Mike Pence gave a consummate speech. It was completely dishonest, as respects what statistics tell us about this country and the world, the known facts of recent history and of the election, but in the arena it all felt real. The claims of Republican leaders are familiar, but I’d only appreciated in a remote way how consuming and plausible this worldview is to people inside it. The feeling was of burning injustice, of truly outraged decency, of real violation and oppression that they would no longer bear to live in a country governed by a wicked and devious conspiracy, a conspiracy that centred on Hillary Clinton. Their healthcare was being taken, their jobs were being taken. The FBI could never have read all those emails properly in just one week.
When it all goes wrong again for these people, it’s not going to be easy to manage politically.

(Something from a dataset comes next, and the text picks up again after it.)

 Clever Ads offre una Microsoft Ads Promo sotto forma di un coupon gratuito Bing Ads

Trump was late. The weird, vampiric figure of Giuliani dragged itself to the microphone and people started booing, chanting “We! Want! Trump!” They were partly soothed when Pence returned, and turned their chants back into “Lock! Her! Up!” and, “Drain! The! Swamp!”

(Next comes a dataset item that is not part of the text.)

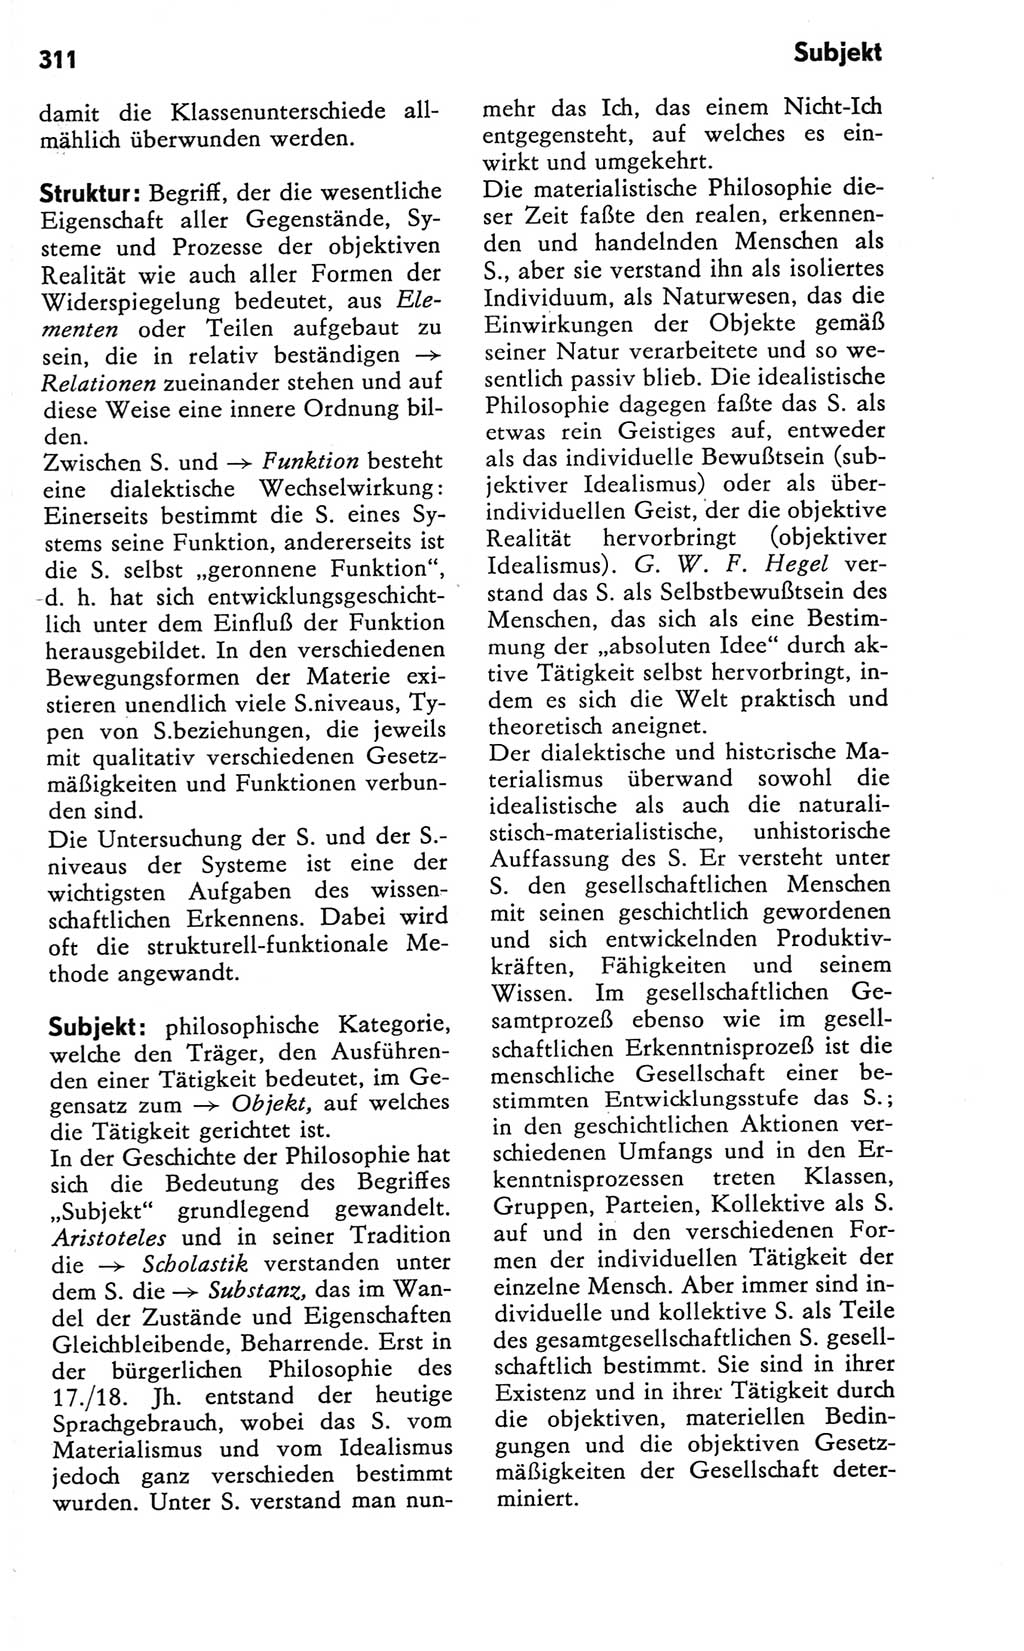 Kleines Wörterbuch der marxistisch-leninistischen Philosophie [Deutsche Demokratische Republik (DDR)] 1981, Seite 311 (Kl. Wb. ML Phil. DDR 1981, S. 311)

Trump and his family strode, waving, into this cage fight atmosphere, while the colored lights span. People hooted Ivanka. “Give us a wink, Ivanka,” shouted a boy-child near me. Trump’s speech drew a hellish picture of the “most corrupt” country, which was no longer theirs, which had become their enemy. “What do you have to lose?” he asked. “I’ll be your champion!” And they roared back, “Drain The Swamp! Drain The Swamp!” The genius was appalling. This rapacious crook is leading a movement against everything he personally embodies. Against sending jobs overseas. Against illegal labor. They love him. He’s their man. And it’s a powerful movement. “The good news is, I just heard, there are ten thousand more outside who couldn’t get in,” he told the packed arena.

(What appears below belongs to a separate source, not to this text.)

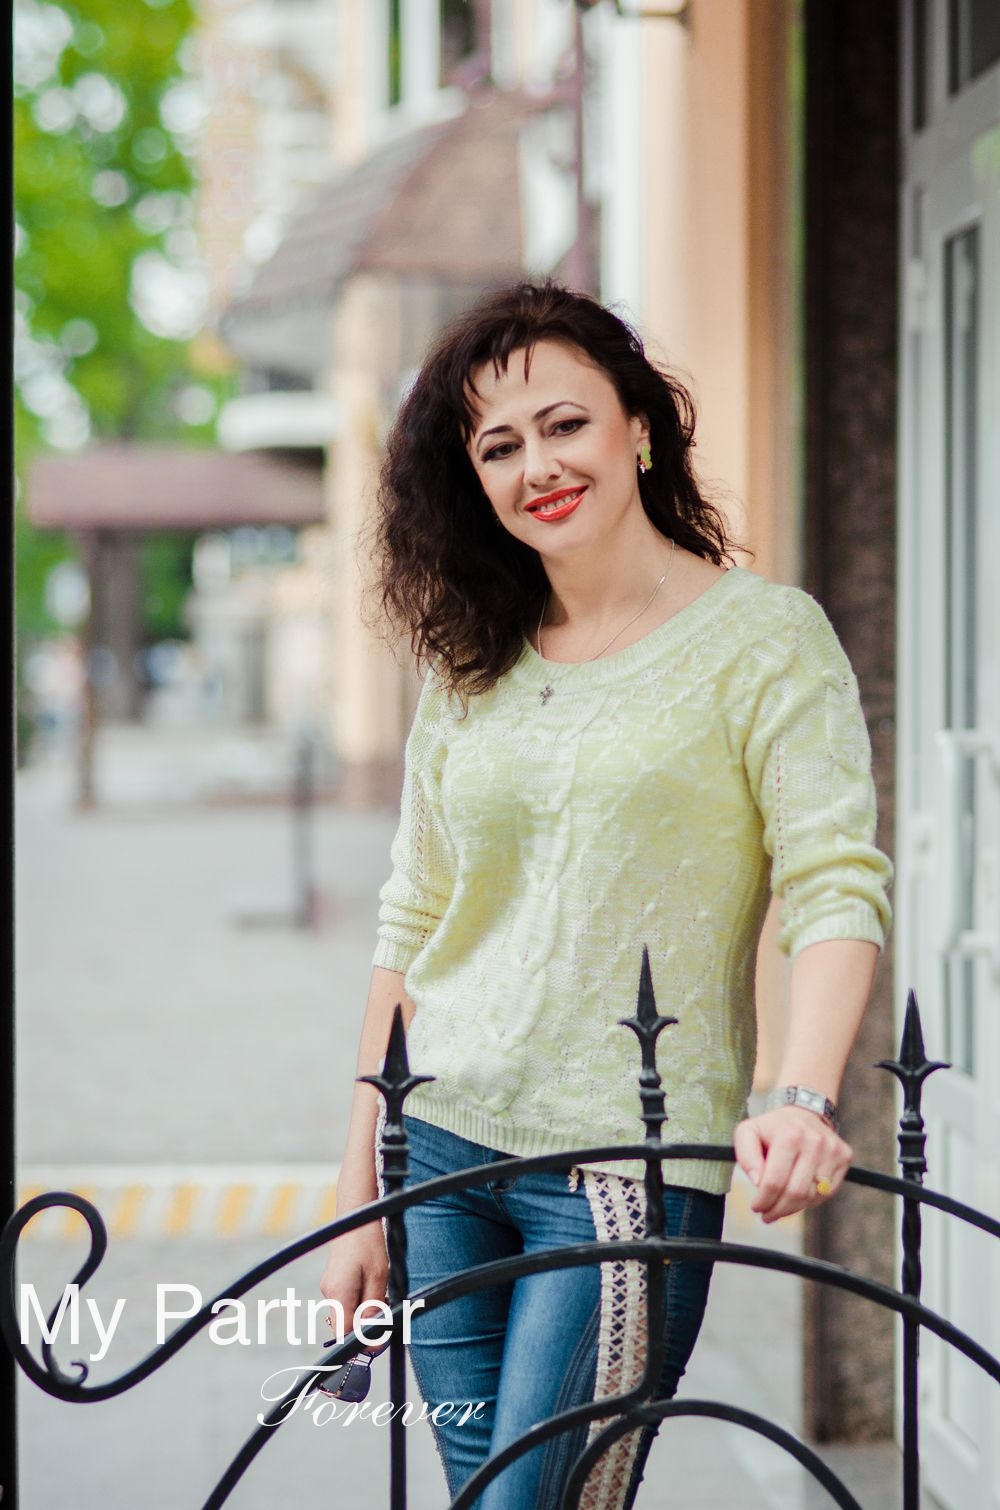 Dating Site to Meet Stunning Ukrainian Woman Vita from Poltava, Ukraine

We left a little early, and there was no one outside except a few brave kids with colored hair, holding signs about how Trump grabs pussy. Behind us came the rest of the crowd. “Take a look at yourselves,”, they told the protestors. “You’re idiots.” “Get a job!”
The famous gulf that divides the two Americas is enormous, between the girl in Manchester who took my twenty dollars on Monday, and the kids in Cambridge who sat in a circle on Wednesday writing down what frightens them on pieces of card. Some held back tears for all the people who are going to die now that Trump’s in charge. Some talked about making “safe spaces.” A safe space means a place where you can say what you think without encountering someone who disagrees with you.
In meetings since Wednesday, liberals and progressives are talking about how to organize, where the resistance will come from, about how to give protection to vulnerable people. Strength in numbers. If the government starts rounding up migrants, what kind of battle will there be? Law professors are boggling at the often-stated positions of the president elect. He’s committed to systematic war crimes. I got an email from the Schools Department, talking about support resources for children who are suffering from the traumatized atmosphere.
I went to a talk on Thursday night. A black woman nervously garbled a question to the luminaries on the stage to this effect: I don’t want to call white liberals allies, but how can you make yourselves something to us? They answered with convoluted stuff about the white working class in the exit polling.
There are many things that can be said about Donald Trump’s victory. Such as this:
Some parts of America are not flourishing, and are even in decline. Residents responded by electing a charlatan of such incompetence and malignity that if the next president had been picked at random off the street that person would surely have been better.
Or this. Americans have been severely misled about themselves by thinking this place is all about freedom. They have more rules of every description, and are more in thrall to authority, than any place I’ve lived. Neither are they brave. Fearfulness and stupidity made half of them choose authoritarianism.
And this. A majority of whites of every description, including college educated white women, voted for Trump. Overall, a majority of less well off people voted for Clinton, as well as a majority of every non-white ethnic group. A highly qualified but slandered woman was beaten by an unqualified sexual predator because she’s a woman and he’s a racist.
It’s said that sometimes there’s a new medium, and the candidate who understands it best is elected president. For FDR it was the wireless, for JFK, TV. The imbecile who threatens the political achievements of the last seventy years gushed thanks in his acceptance speech like he thought he’d got an Emmy for his shitty reality show. He and his electorate surely think the world corresponds in some manner to that screen fantasy.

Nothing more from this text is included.